• _EXERCISE GOAL_: Make an exact copy of the listing below. Pictures stay out of it.

• _INFORMATION SUPPLIED_:
>>>

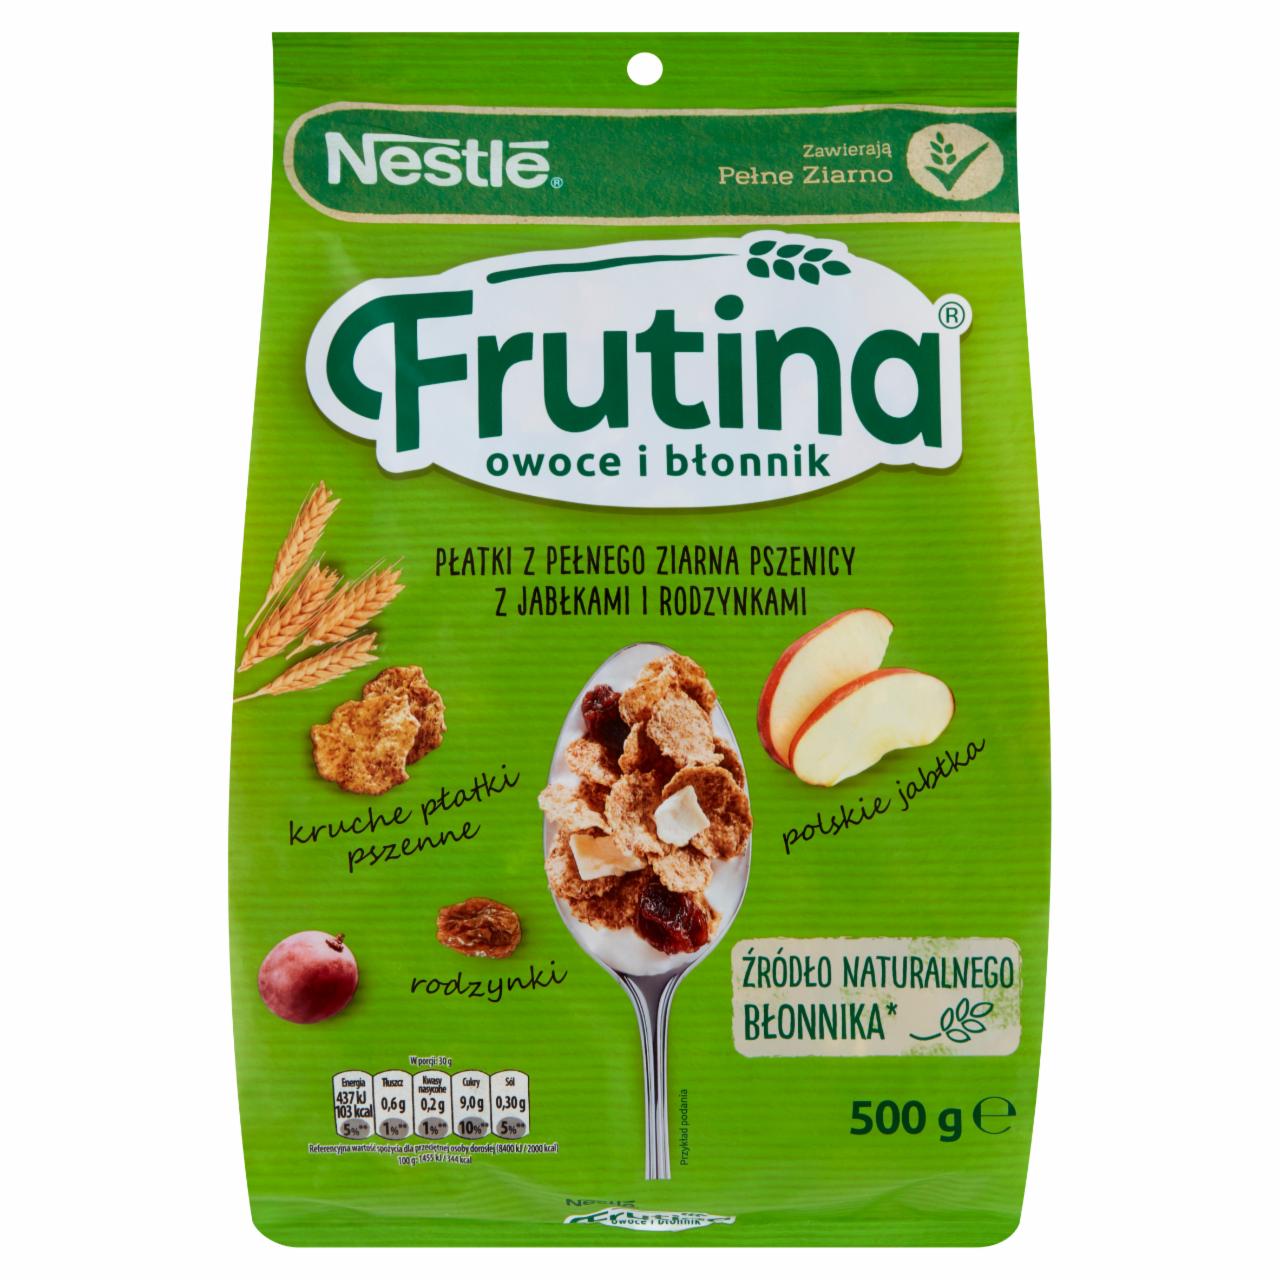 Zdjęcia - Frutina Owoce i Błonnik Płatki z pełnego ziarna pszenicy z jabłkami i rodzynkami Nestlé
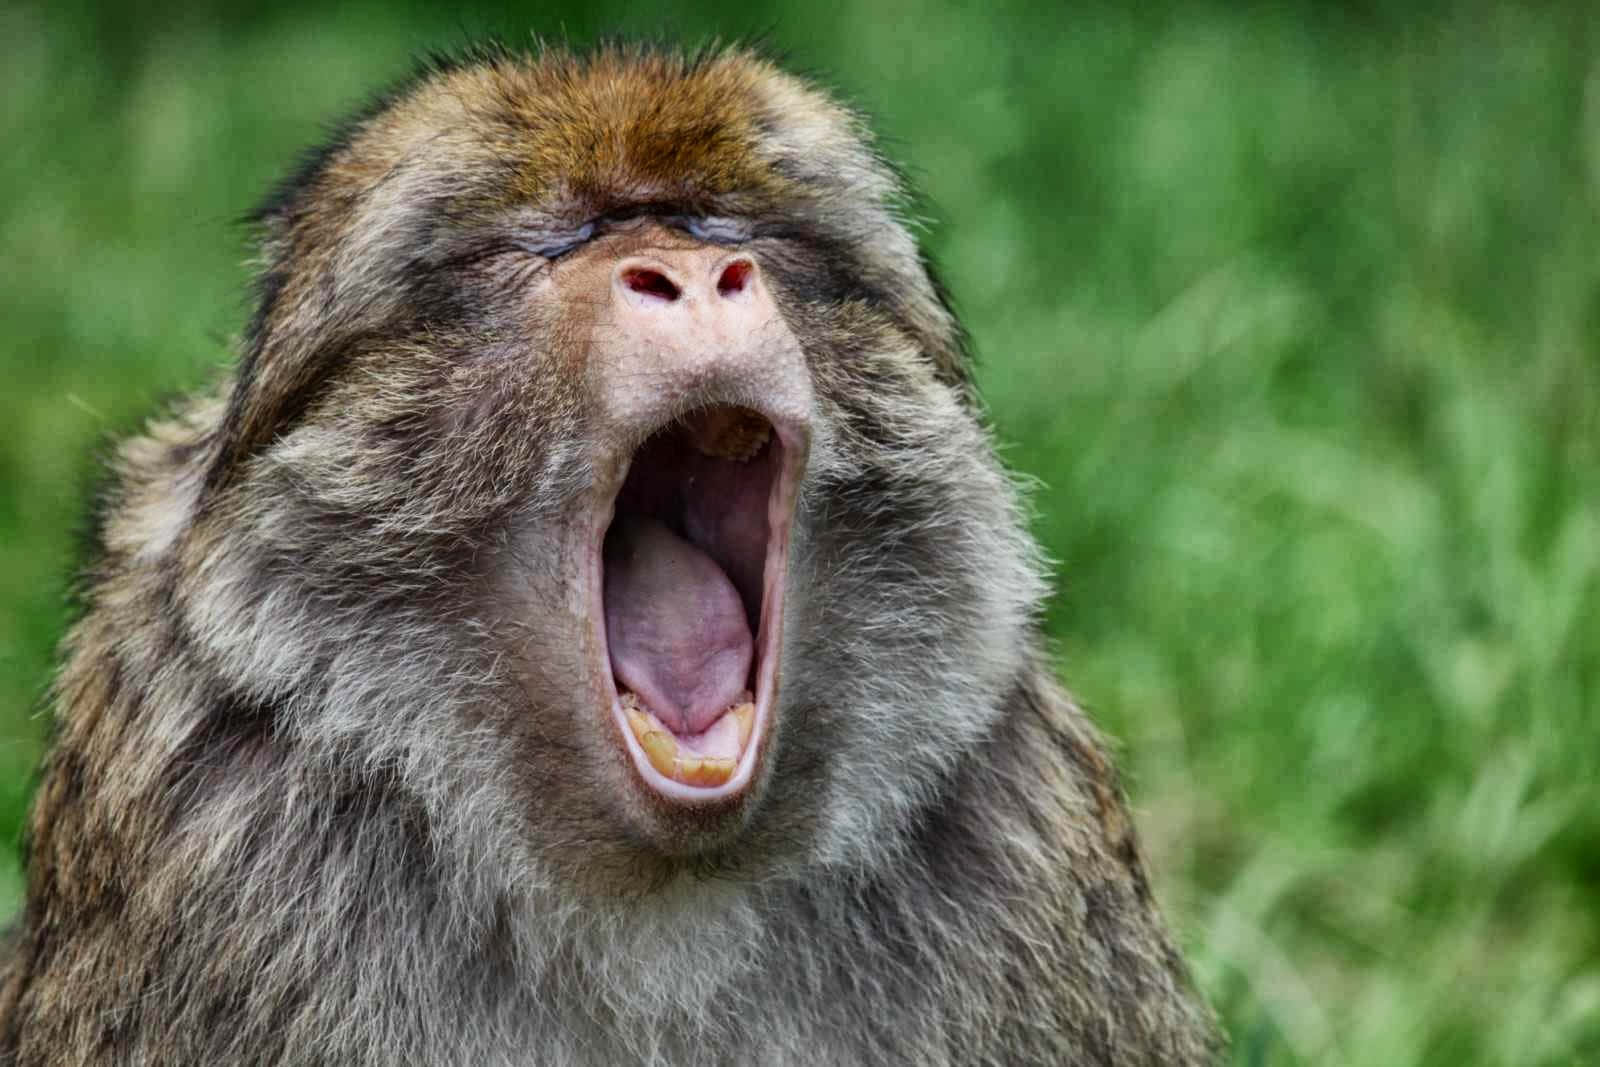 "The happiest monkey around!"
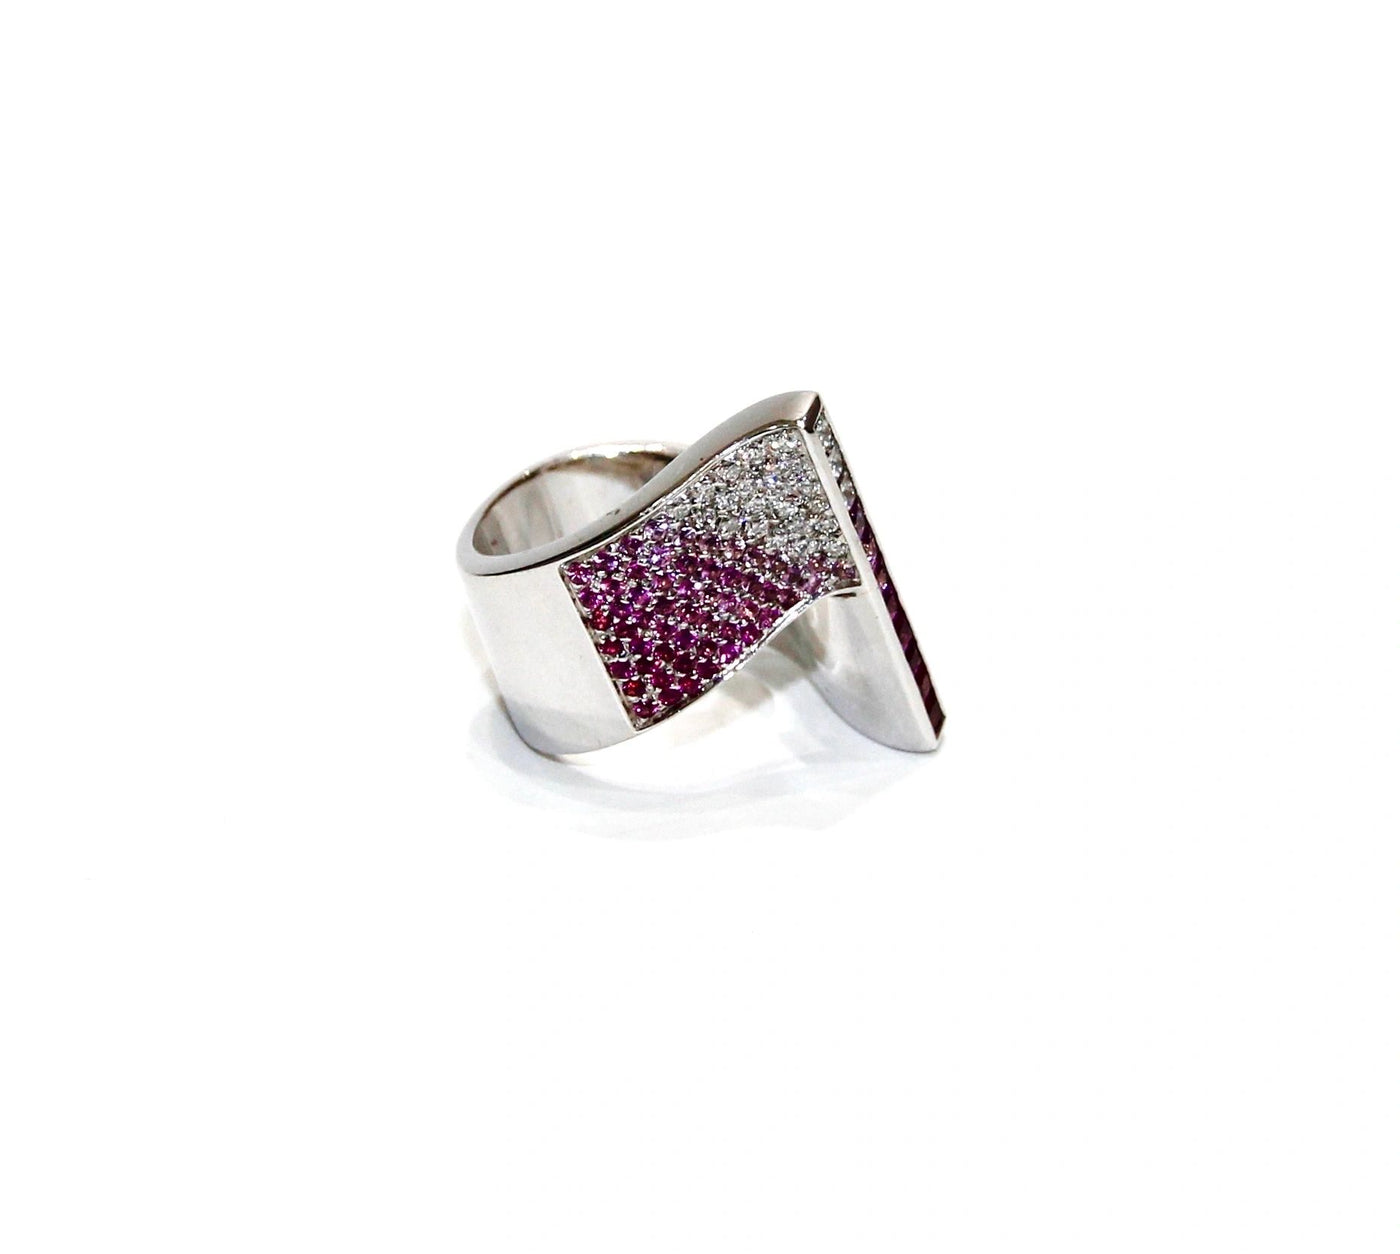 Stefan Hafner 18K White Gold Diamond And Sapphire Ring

<<<

• _RESPONSE TO THE TASK_:
 Zdjęcia - Frutina Owoce i Błonnik Płatki z pełnego ziarna pszenicy z jabłkami i rodzynkami Nestlé
 "The happiest monkey around!"
 Stefan Hafner 18K White Gold Diamond And Sapphire Ring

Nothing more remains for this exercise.